**BRIEF**: Within the entries below, please return exactly the lines from the one with "Die Stadt Rottweil" through the one with "이오스여행사와 함께하는 WORLD", leaving out any pictures.

**PROVIDED MATERIAL**:
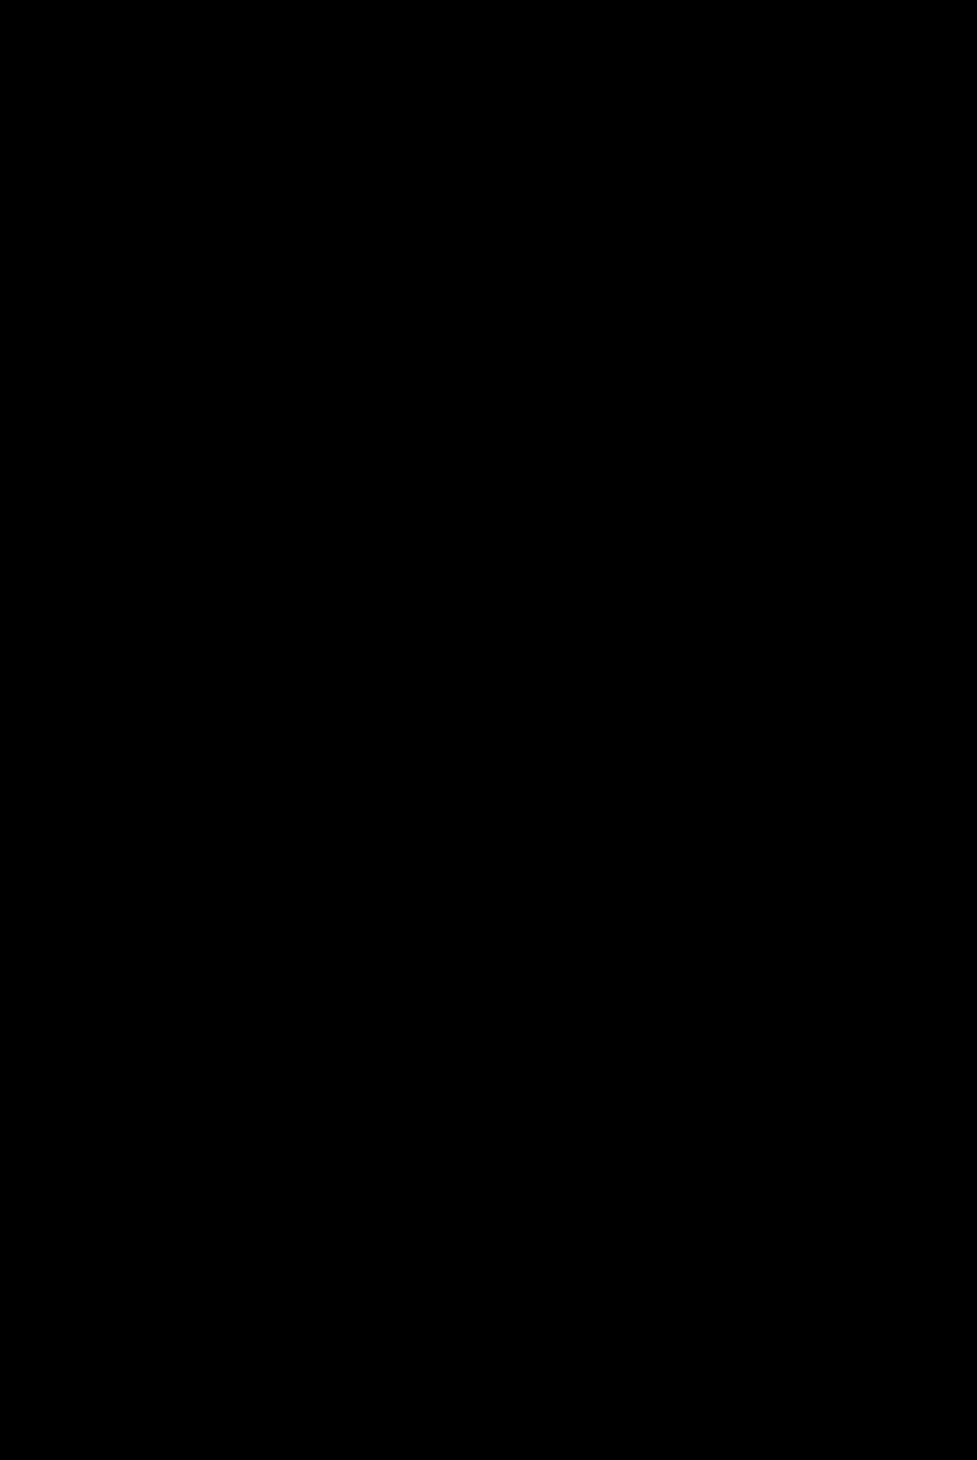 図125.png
* * *
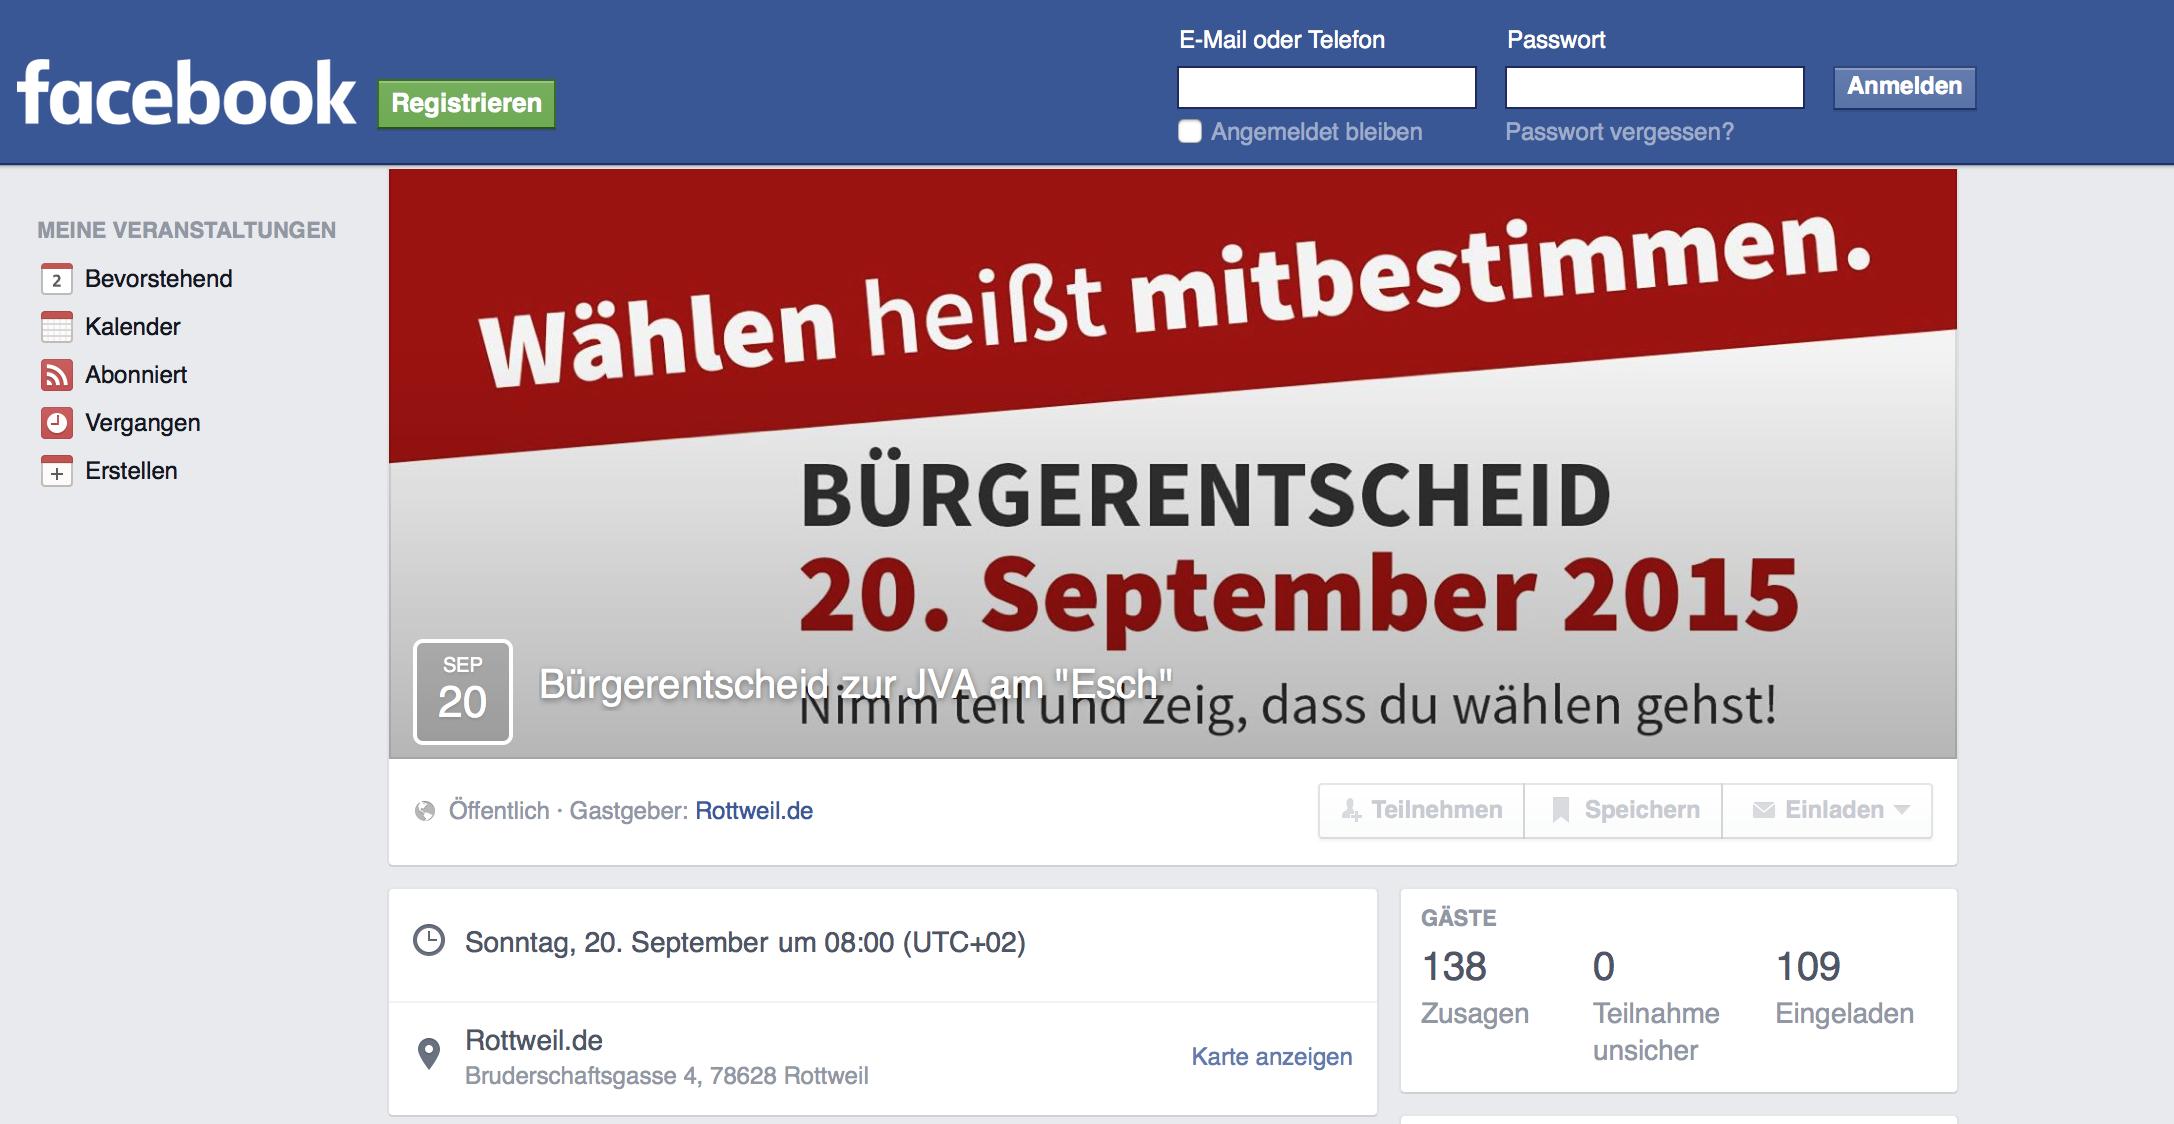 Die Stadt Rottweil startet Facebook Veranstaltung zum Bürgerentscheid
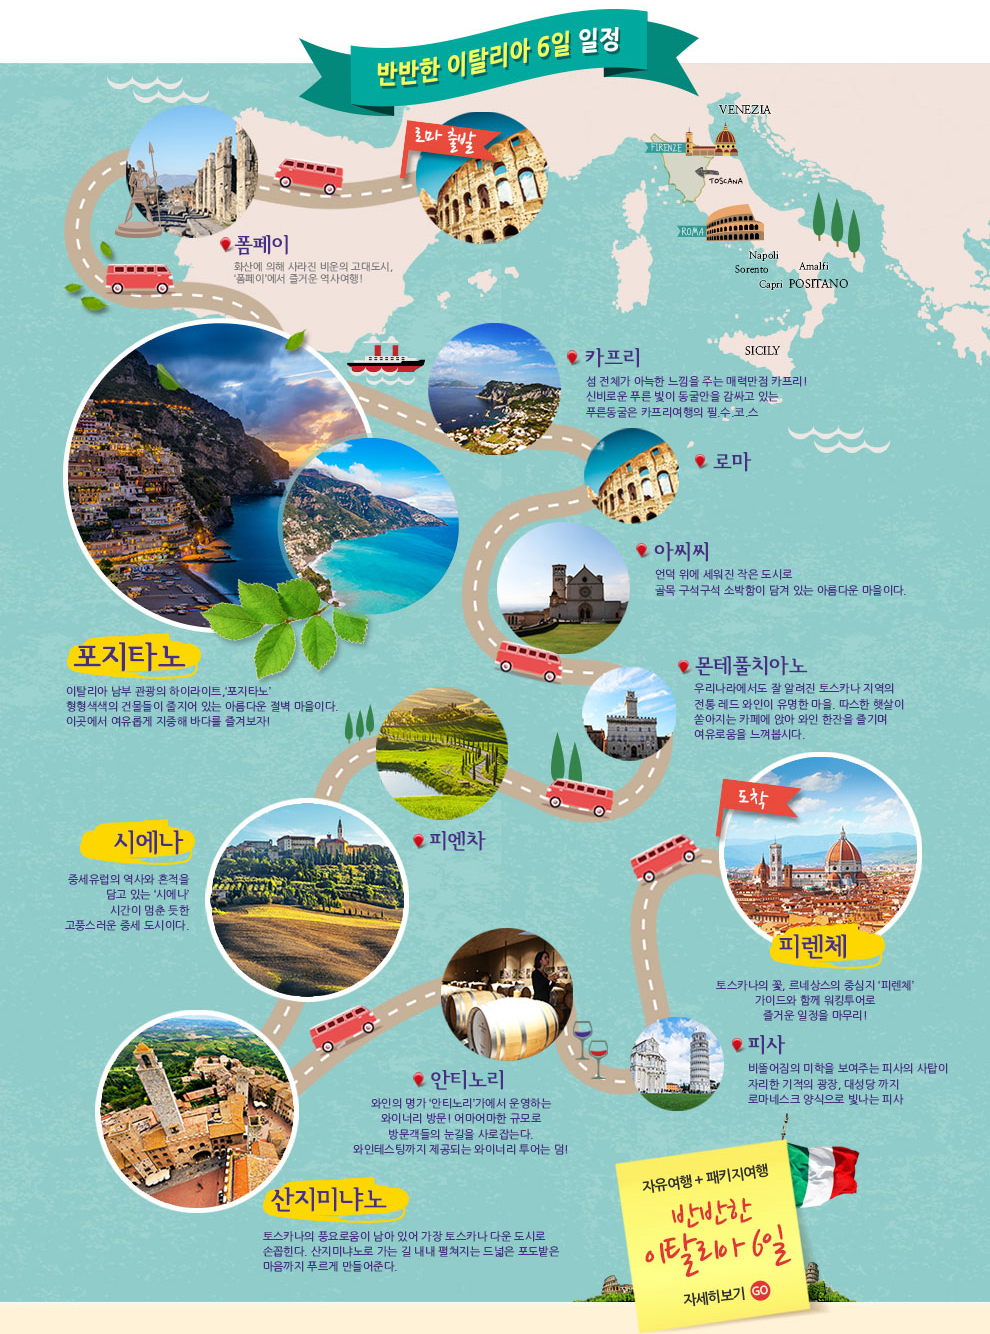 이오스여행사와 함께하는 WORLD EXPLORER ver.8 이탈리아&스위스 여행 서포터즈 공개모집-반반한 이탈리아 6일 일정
--
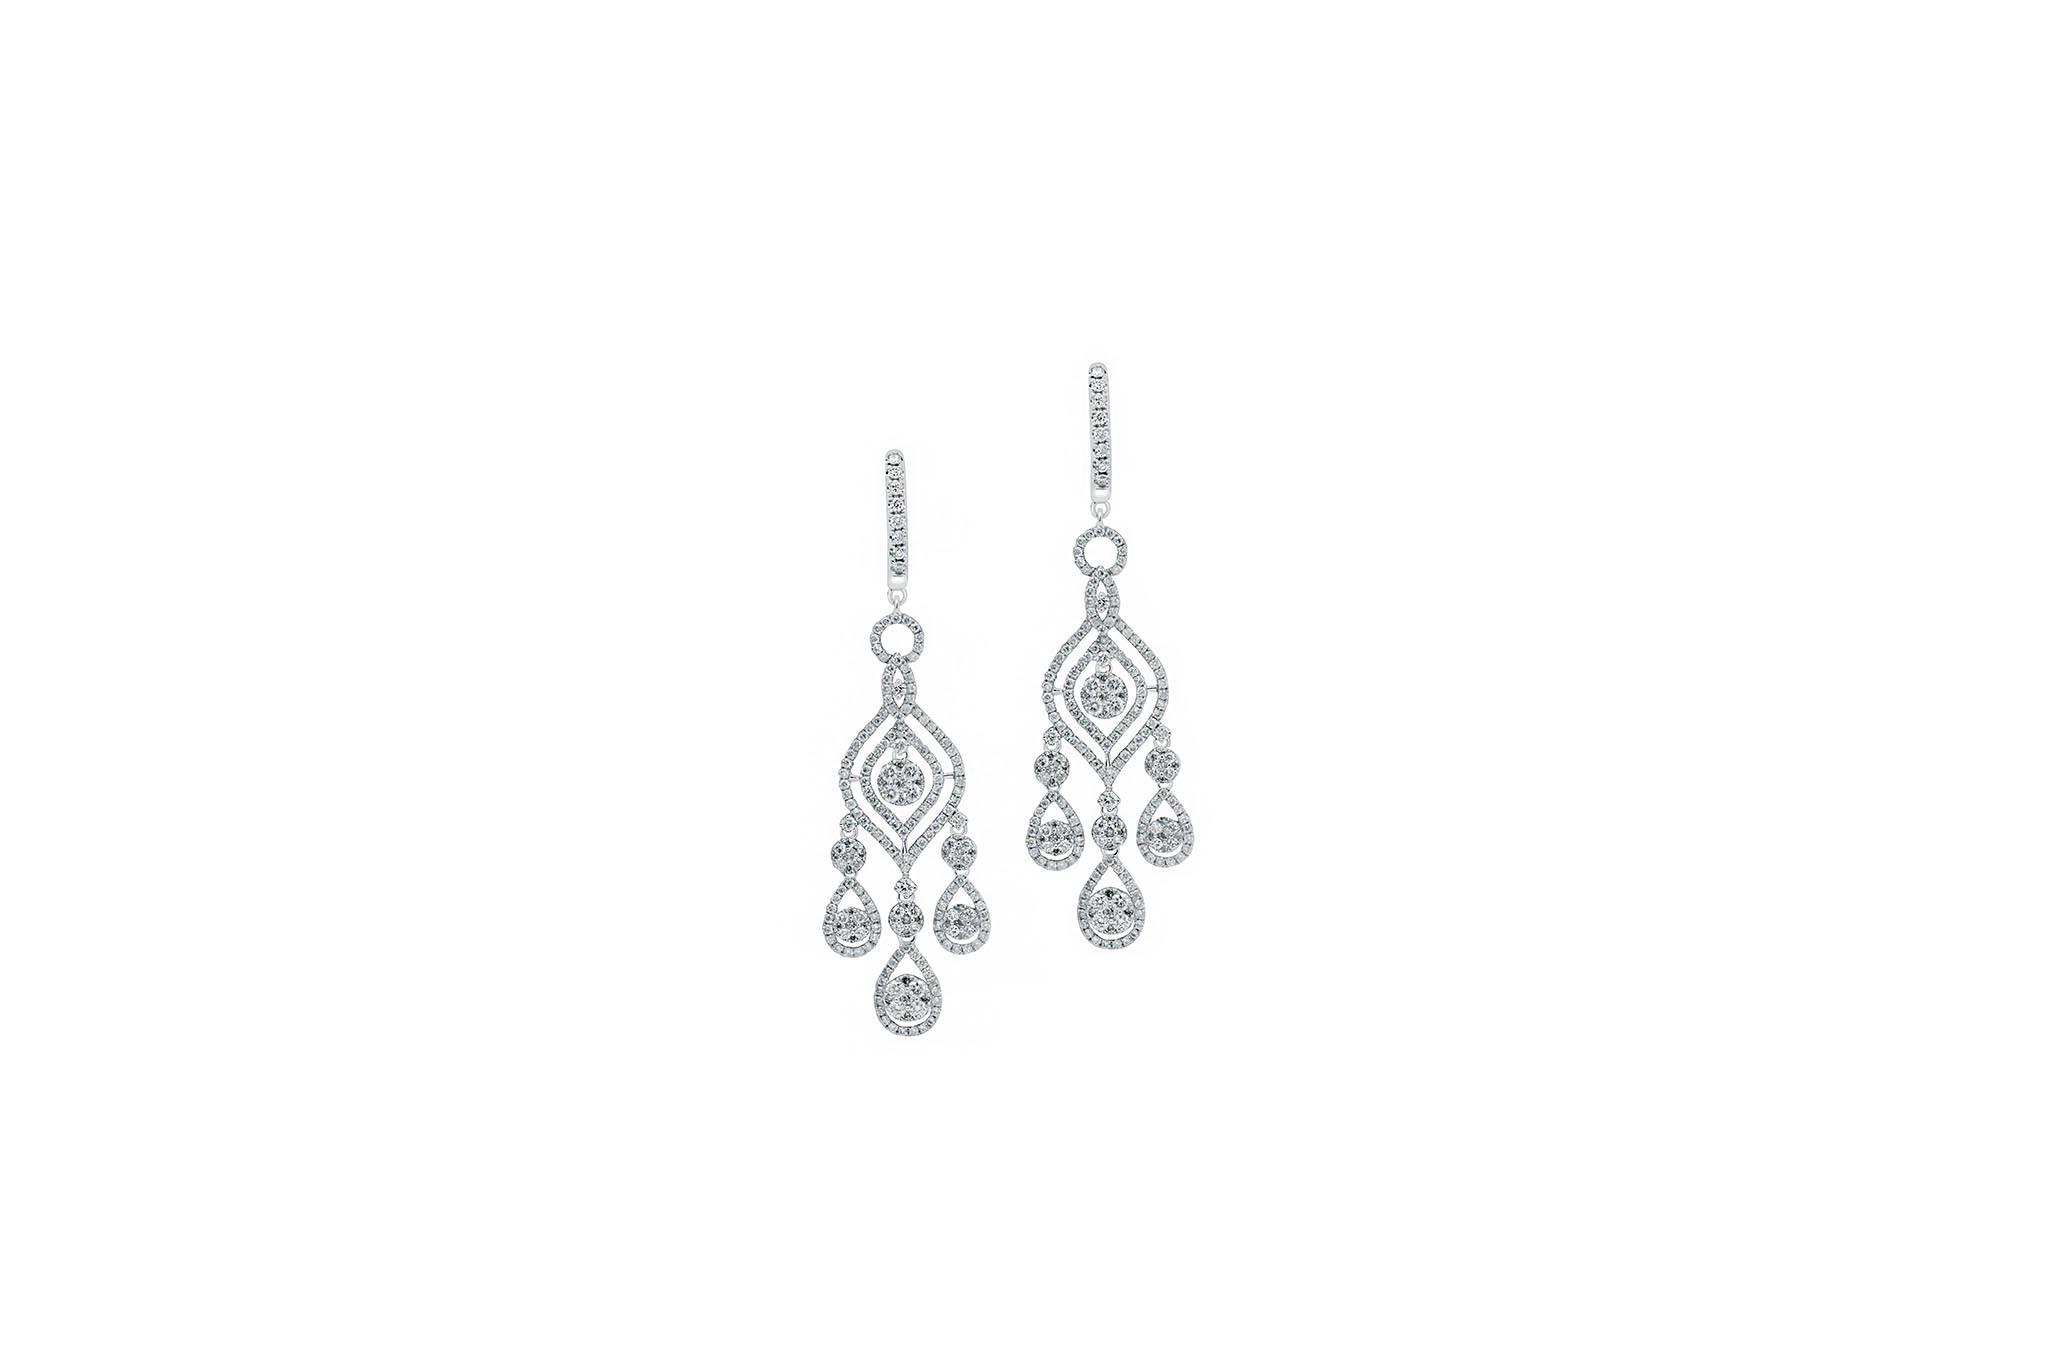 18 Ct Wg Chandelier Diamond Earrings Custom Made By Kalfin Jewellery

**OUTPUT**:
 Die Stadt Rottweil startet Facebook Veranstaltung zum Bürgerentscheid
 이오스여행사와 함께하는 WORLD EXPLORER ver.8 이탈리아&스위스 여행 서포터즈 공개모집-반반한 이탈리아 6일 일정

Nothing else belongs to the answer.